Aid from the air: India tests new air drop system to deliver emergency supplies to naval ships
The Defence Research and Development Organisation and the Indian Navy have successfully completed flight trials of an indigenously developed Air Droppable Container (ADC-150) system, capable of delivering 150 kilograms of critical supplies to naval vessels operating far from the coastline, in a significant boost to India's maritime logistics capability under the Aatmanirbhar Bharat initiative.
Four in-flight release trials were conducted from a Boeing P-8I Poseidon aircraft off the coast of Goa between February 21 and March 1, 2026 , under varying extreme release conditions. The system is now expected to be inducted into the Navy soon.
The ADC-150 is designed to deliver engineering spare parts, equipment, medical supplies, and emergency stores to ships on long-duration deep-sea deployments. Once released from the aircraft, the container descends via a multi-stage parachute system comprising auxiliary, drogue, and main parachutes, landing safely on the sea surface for the crew to retrieve.
India had previously developed the SAHAYAK-NG air droppable container, successfully tested in December 2020 , which carried up to 50 kilograms with GPS guidance from an IL-38SD aircraft. The ADC-150 triples that payload capacity and integrates with the P-8I Poseidon, the Navy's primary long-range maritime patrol platform, of which India currently operates 12 aircraft with six more on order.
Multiple DRDO laboratories contributed to the programme. The Naval Science and Technological Laboratory, Visakhapatnam led the effort, the Aerial Delivery Research and Development Establishment, Agra developed the parachute system, the Centre for Military Airworthiness and Certification, Bengaluru provided flight clearance, and the Defence Research and Development Laboratory, Hyderabad handled instrumentation support.

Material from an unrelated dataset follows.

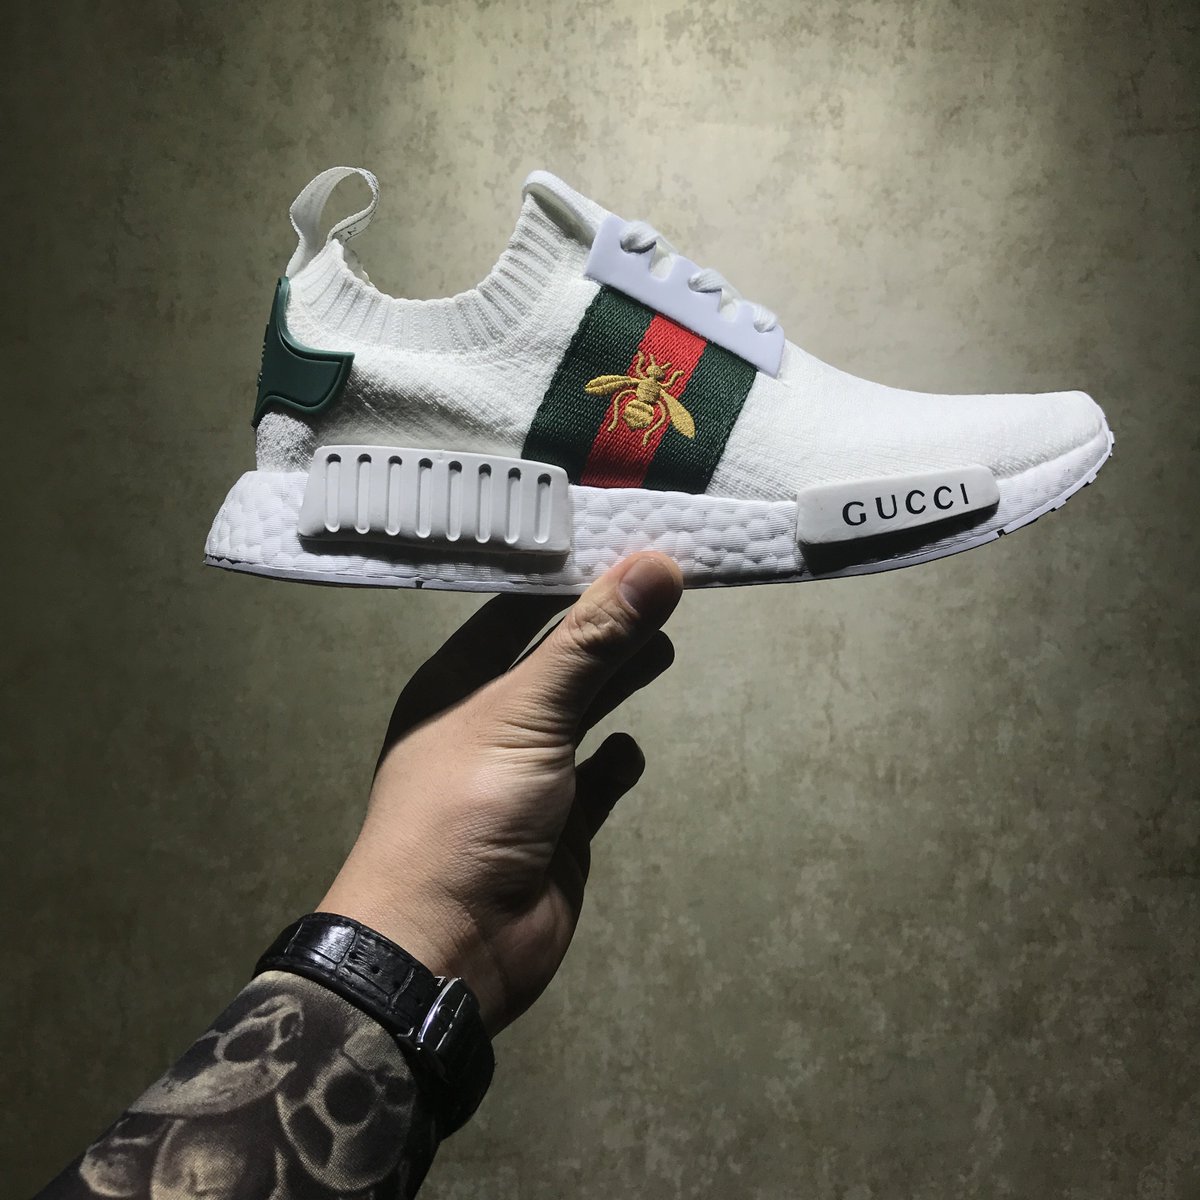 Adidas NMD white x Gucci Men Shoes Nmd white NMD R1 Gucci

Globally, the system stands apart from comparable technologies. The US Navy's UNI-PAC III , deployed from its P-8A Poseidon, is a search and rescue tool, not a logistics supply system. Other P-8 operators including the UK, Australia, Norway, and South Korea have no equivalent dedicated naval logistics drop system. China and Russia rely on fleet replenishment ships instead.
With the Indian Navy patrolling vast stretches of the Indian Ocean, Arabian Sea, and Bay of Bengal , the ADC-150 ensures ships can receive urgent supplies mid-mission without returning to port, directly strengthening operational readiness and long-range mission endurance.